I have no idea how to Disable HiDPI resolution. I went into display settings and don't see anything that allows me to do that.


----------



## Frag Tagger (Jan 12, 2021)

Just got OBS and it was a saviour as it can do something Ecamm can't: rotate the video streams. .... but my 2019 MacBook pro on Big Sur is doing this same thing - crazy fans. Is there no fix to this yet?


----------



## Frag Tagger (Jan 12, 2021)

Just found the problem - all 2019 16 inch MacBook pros have screaming full fans when connected to an external display. Grr. I have implemented all 3 "fixes" here, and it's better.. but not silent. I currently have Brave, OBS, and Mail open and the fans are running at 4100 rpm - would be a lot more if I did not implement these settings.   I'm really disappointed by this 16 inch MacBook pro.

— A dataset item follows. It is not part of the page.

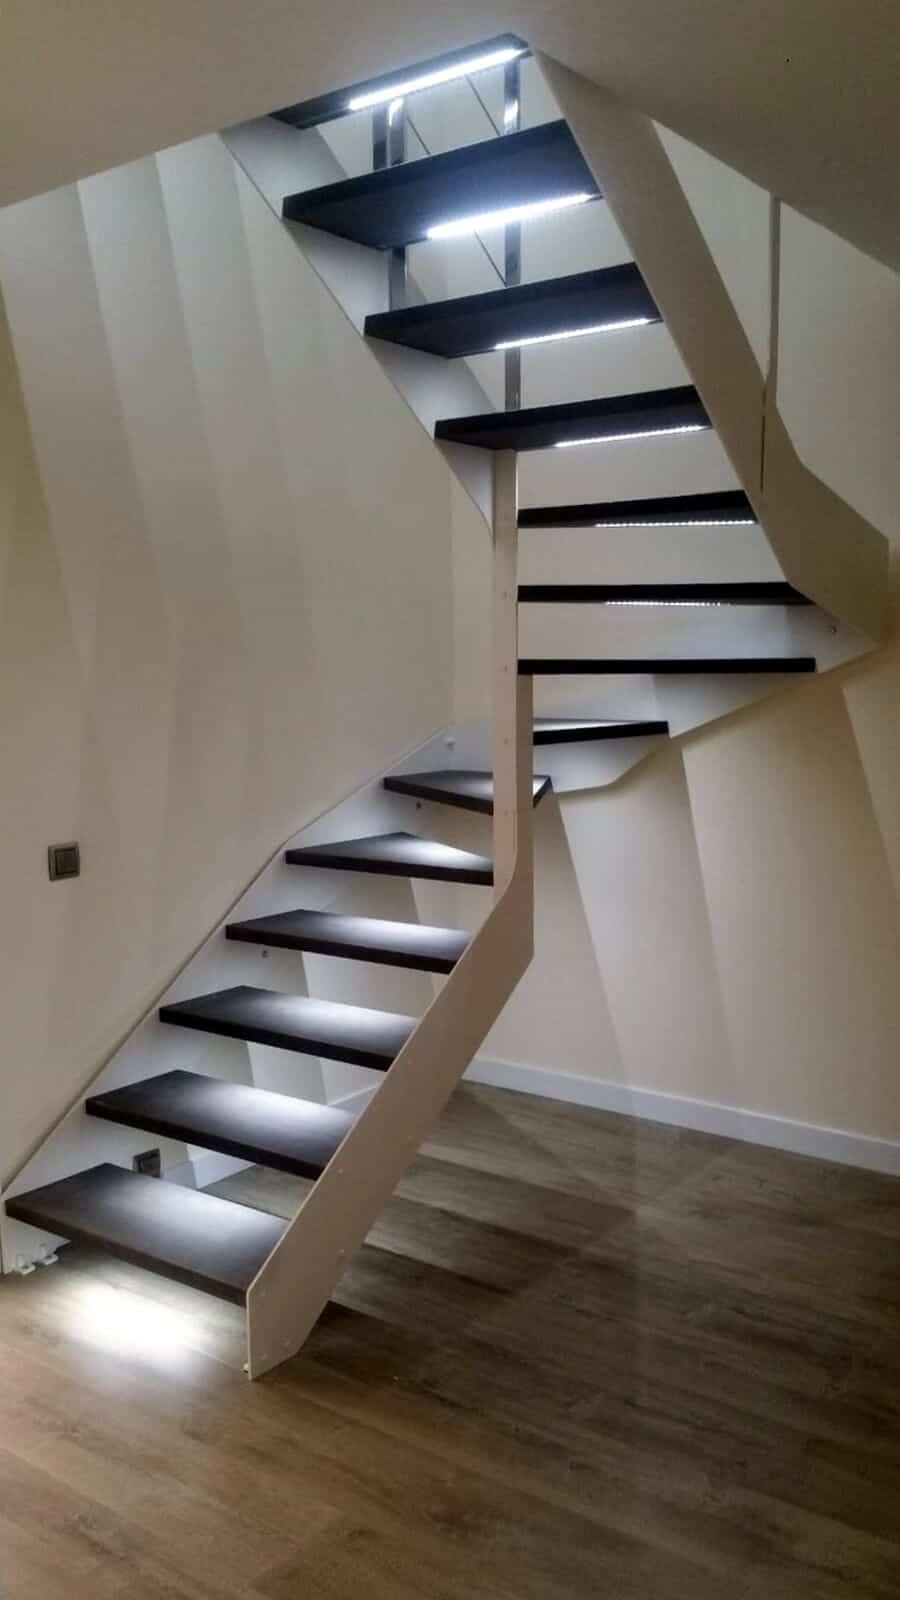 vídeos de escaleras interiores con luz

			https://www.youtube.com/watch?v=EkmdHVfk4XE&list=PLCRPsbW_rIwLu6m2TDxVg5255Qdyrb4AT&index=5&t=3s


----------



## ShadowBark (Jan 14, 2021)

I have basically the same machine. I have a MBP 16in 2019, i9-9900, 64GB RAM, and 5600M. I also have it connected to an external display. When running to the display, it does not always blast the fans at full speed (being an audio / voice recorder, I would not be too happy with that). However when using OBS Studio, it does ramp up the fans. The only fix I could think of was getting a custom fan controller for Mac. I use it to lower the fans just while I do my audio recordings. However with that being said, I don't recommend this for long term. With how nice your machine is, I would hate for it to burn out quickly due to overheating. Monitor your temps, and adjust fans accordingly. The i9 runs pretty hot, so it's hard finding a sweet spot. Getting a temperature monitor as well as a fan controller would be your best bet for short term recordings. For long term streams and recordings, I'm not sure how to help.


----------



## huedoku (Mar 4, 2021)

Frag Tagger said:


> Just found the problem - all 2019 16 inch MacBook pros have screaming full fans when connected to an external display. Grr. I have implemented all 3 "fixes" here, and it's better.. but not silent. I currently have Brave, OBS, and Mail open and the fans are running at 4100 rpm - would be a lot more if I did not implement these settings.   I'm really disappointed by this 16 inch MacBook pro.
> 
> 
> https://www.youtube.com/watch?v=EkmdHVfk4XE&list=PLCRPsbW_rIwLu6m2TDxVg5255Qdyrb4AT&index=5&t=3s


 
I am disappointed as well. I feel like I spent $3000 and my old air ran faster. BTW, sorry if this is a repeat comment but use the right side USB C port for power. (It doesn't solve the external monitor problem but it does help generally overheat less) - I finally disconnected my second monitor and am using an old computer to see my output.. lame


----------



## JohnBBeta (Mar 5, 2021)

same here - but it works. june 2020 maxed out 13" MBP. fans on full the whole time I'm streaming. no external displays connected - but a lot of stuff going on on my OBS set up. these MBPS just seem to run really hot - i remember linus tech tips flagging it on launch - not a lot we can do IMHO - apart from wait for proper M1 support...


----------